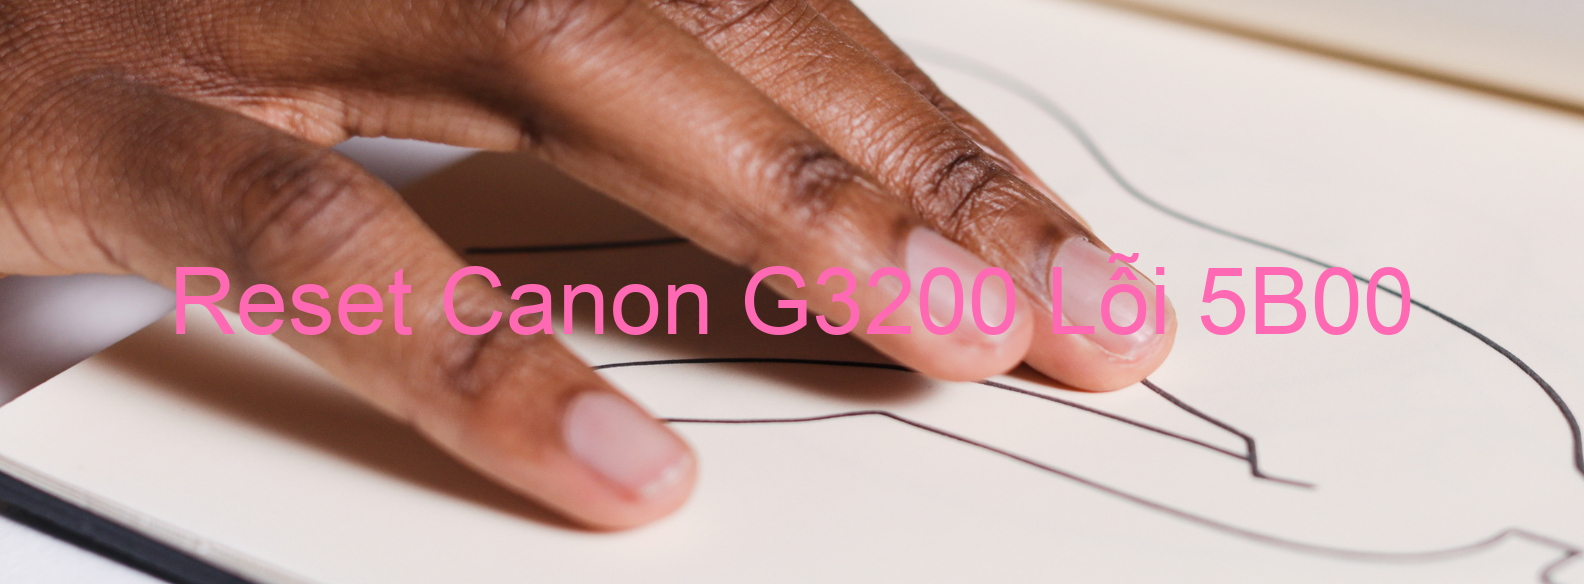 Reset Canon G3200 Lỗi 5B00
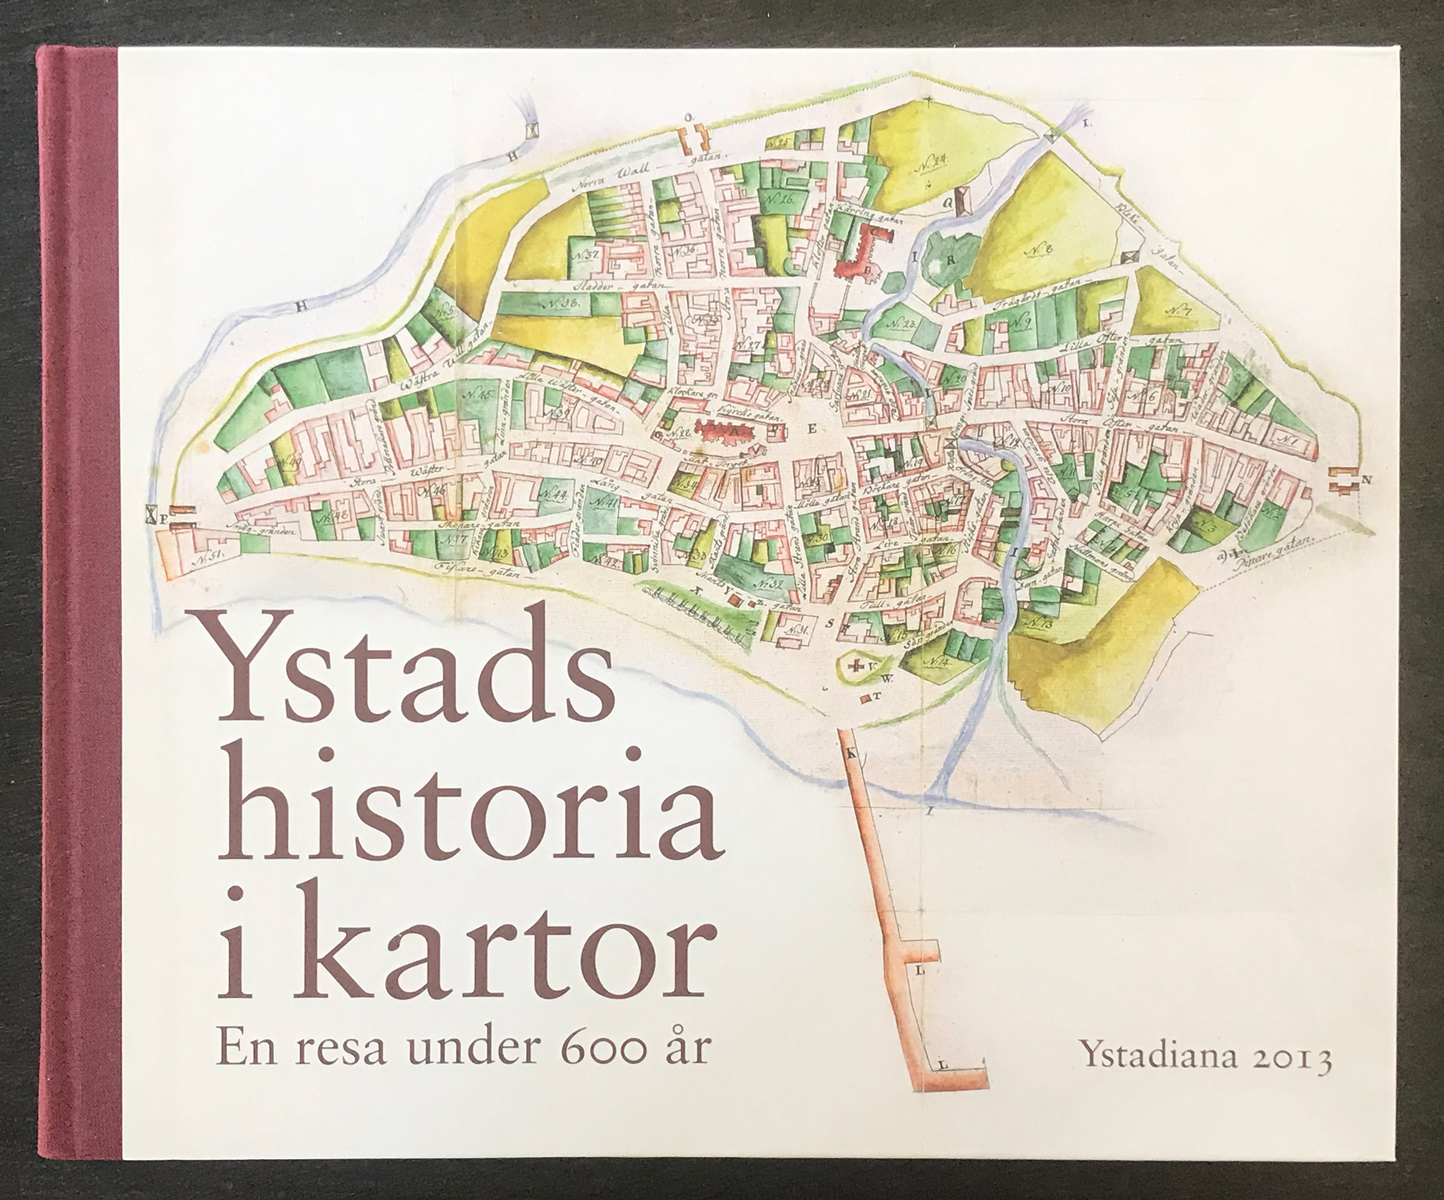 Ystads historia i kartor – en resa under 600 år, red. Per-Axel Sjöholm och Ronny Nielsen, 2013
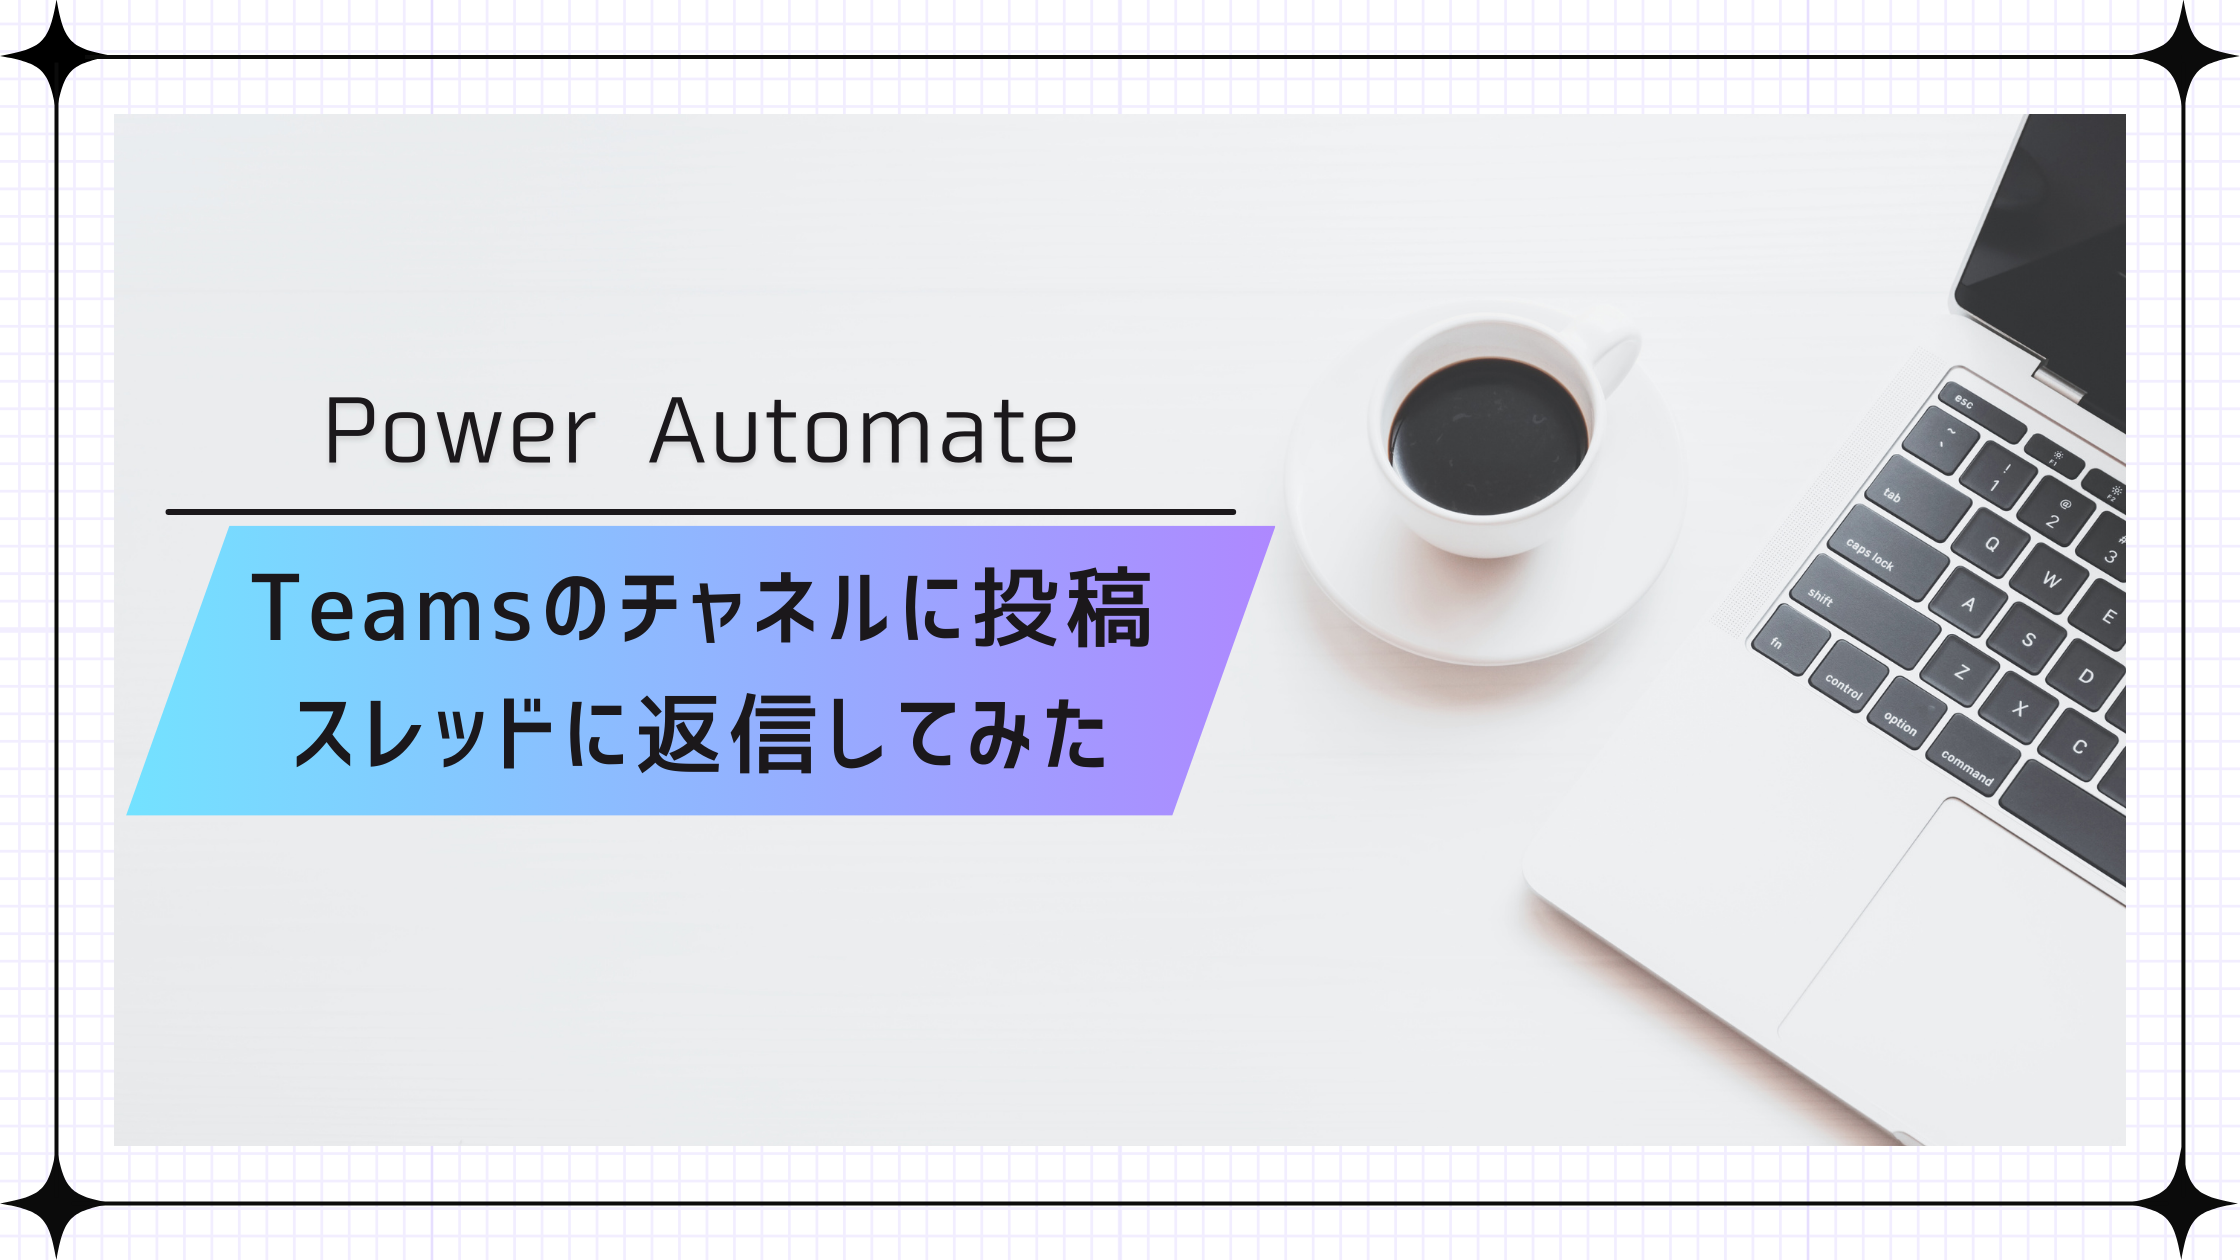 Power Automate Desktop で Webスク レイピング してみた ～PDFから表の抽出～
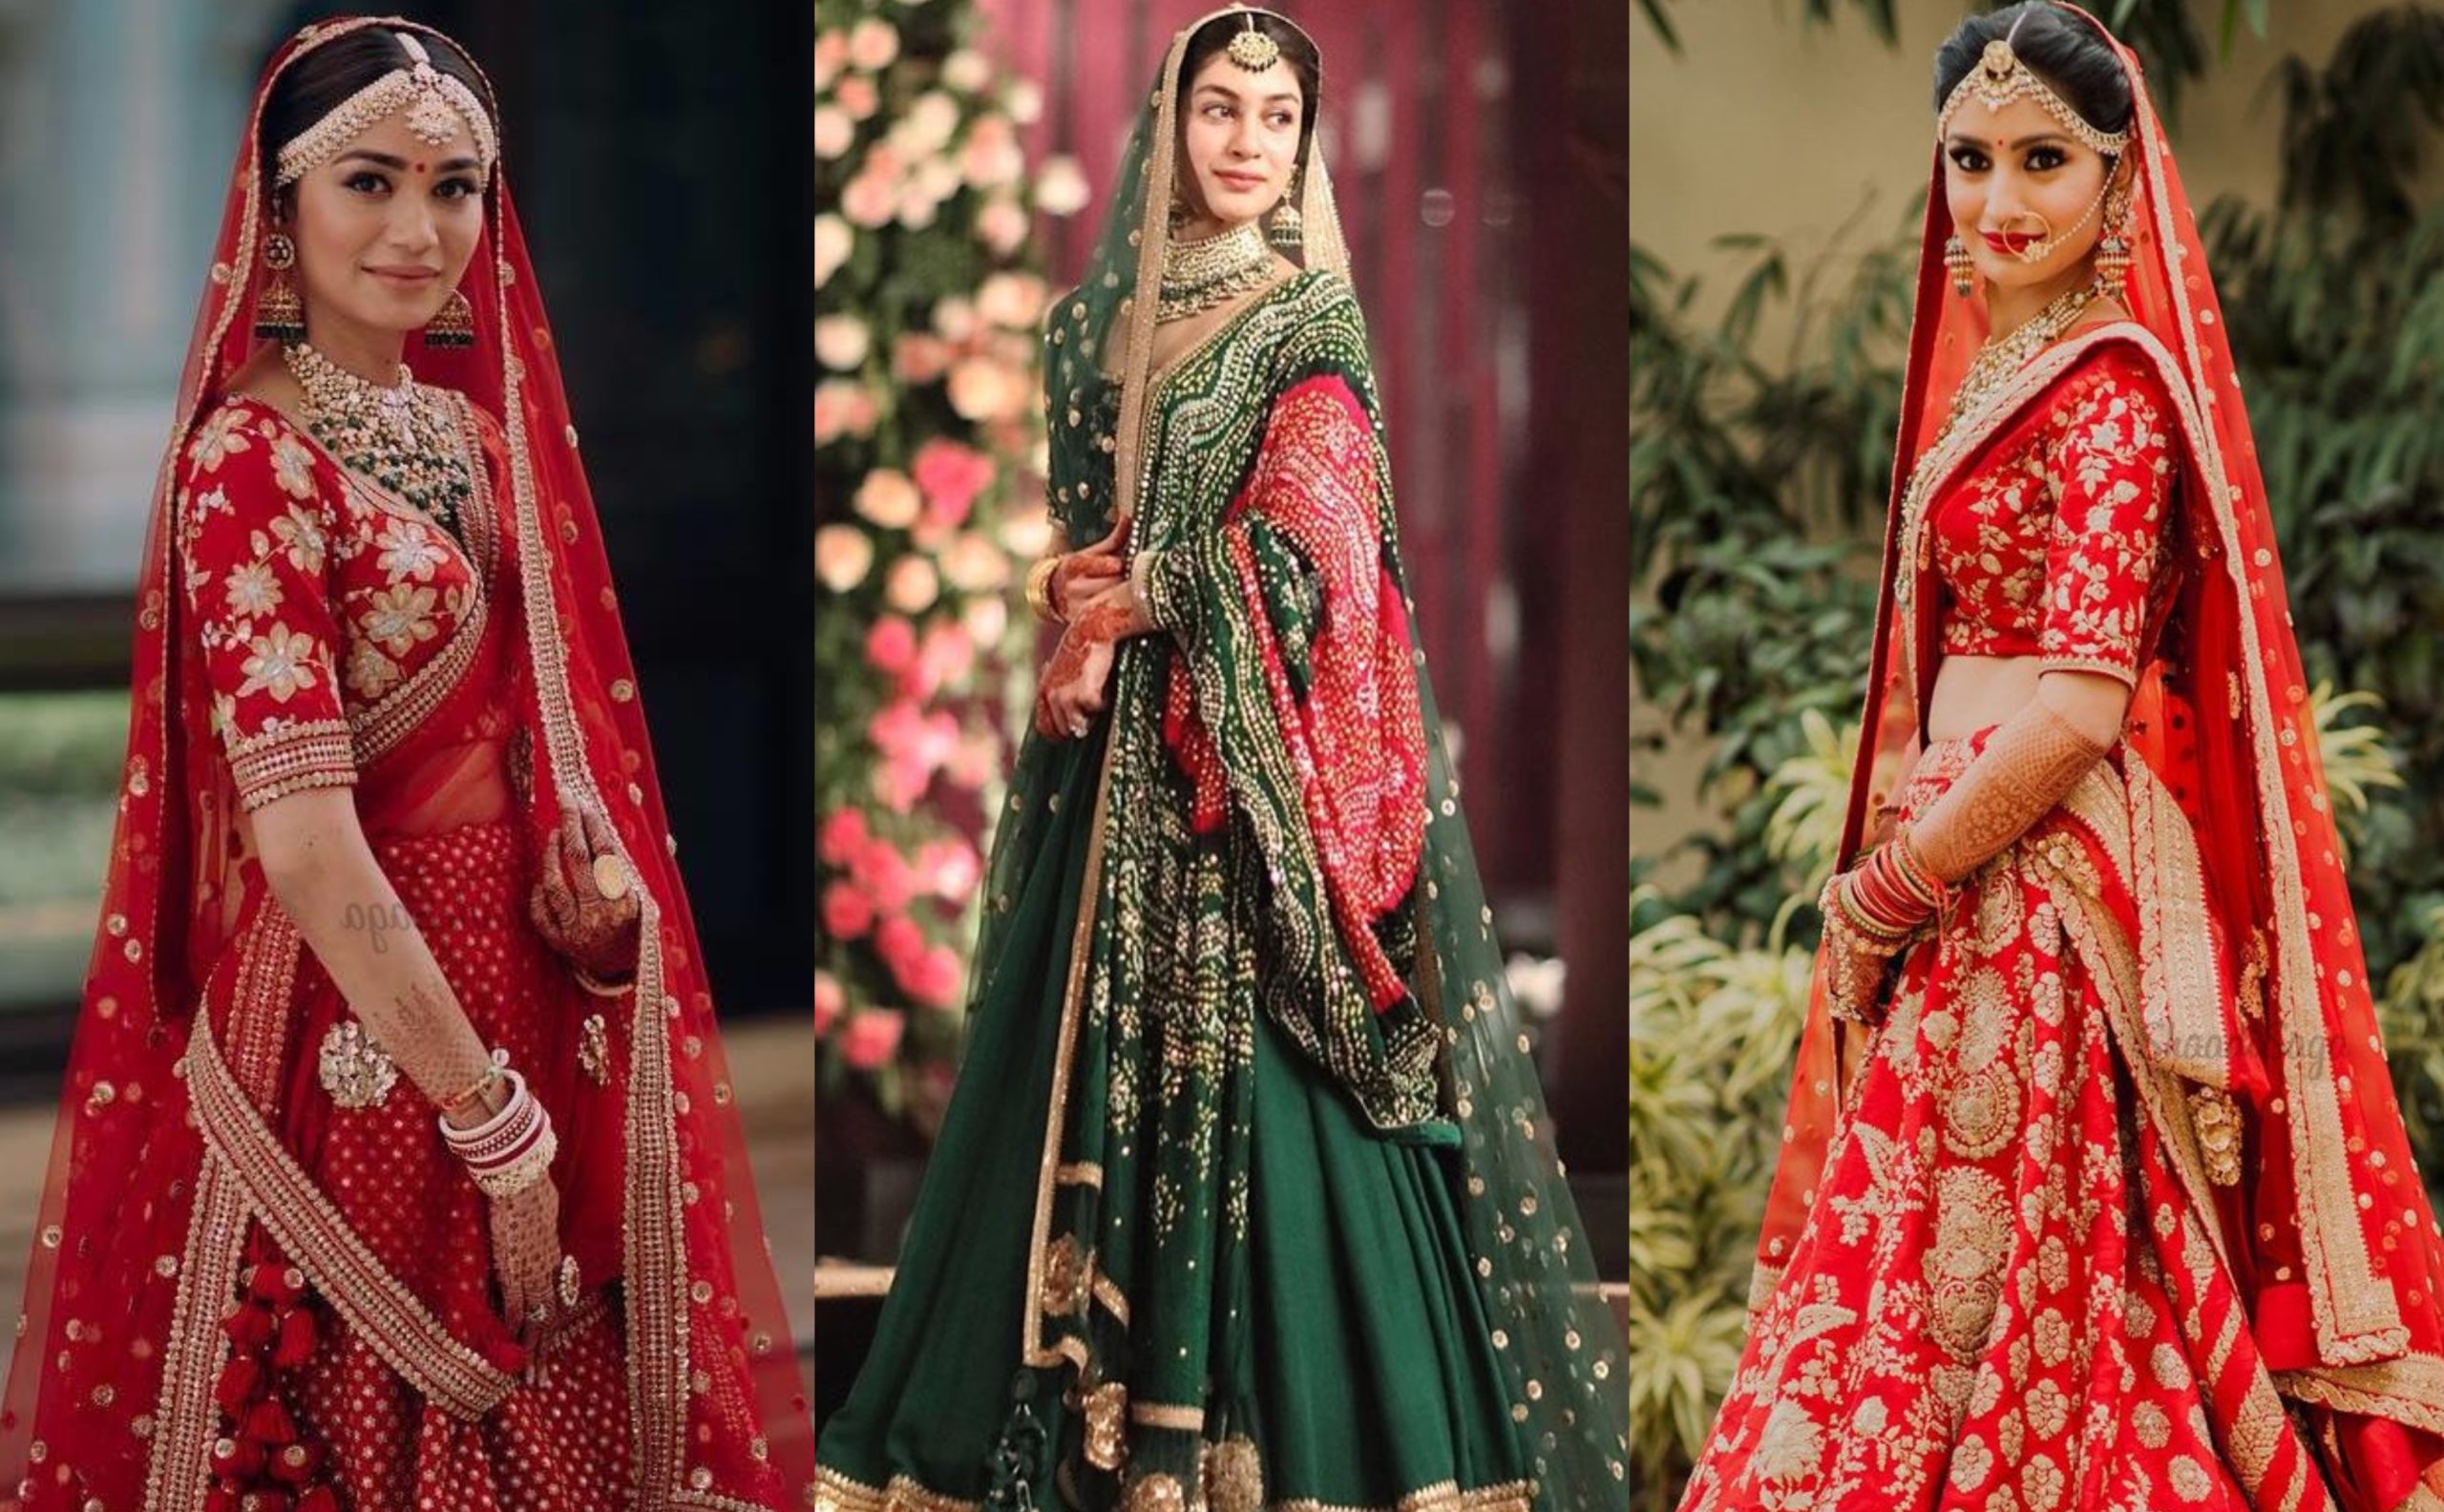 10 latest bridal lehenga designs by Sabyasachi, latest lightweight bridal lehenga choli designs, bridal lehenga latest designs in red colour, शादी के लिए यह लहंगे रहेंगे बेहतर

■ Task
Your copy should hold each line above exactly and no pictures at all.

■ Response to the task
 Reset Canon G3200 Lỗi 5B00
 Ystads historia i kartor – en resa under 600 år, red. Per-Axel Sjöholm och Ronny Nielsen, 2013
 Power Automate Desktop で Webスク レイピング してみた ～PDFから表の抽出～
 10 latest bridal lehenga designs by Sabyasachi, latest lightweight bridal lehenga choli designs, bridal lehenga latest designs in red colour, शादी के लिए यह लहंगे रहेंगे बेहतर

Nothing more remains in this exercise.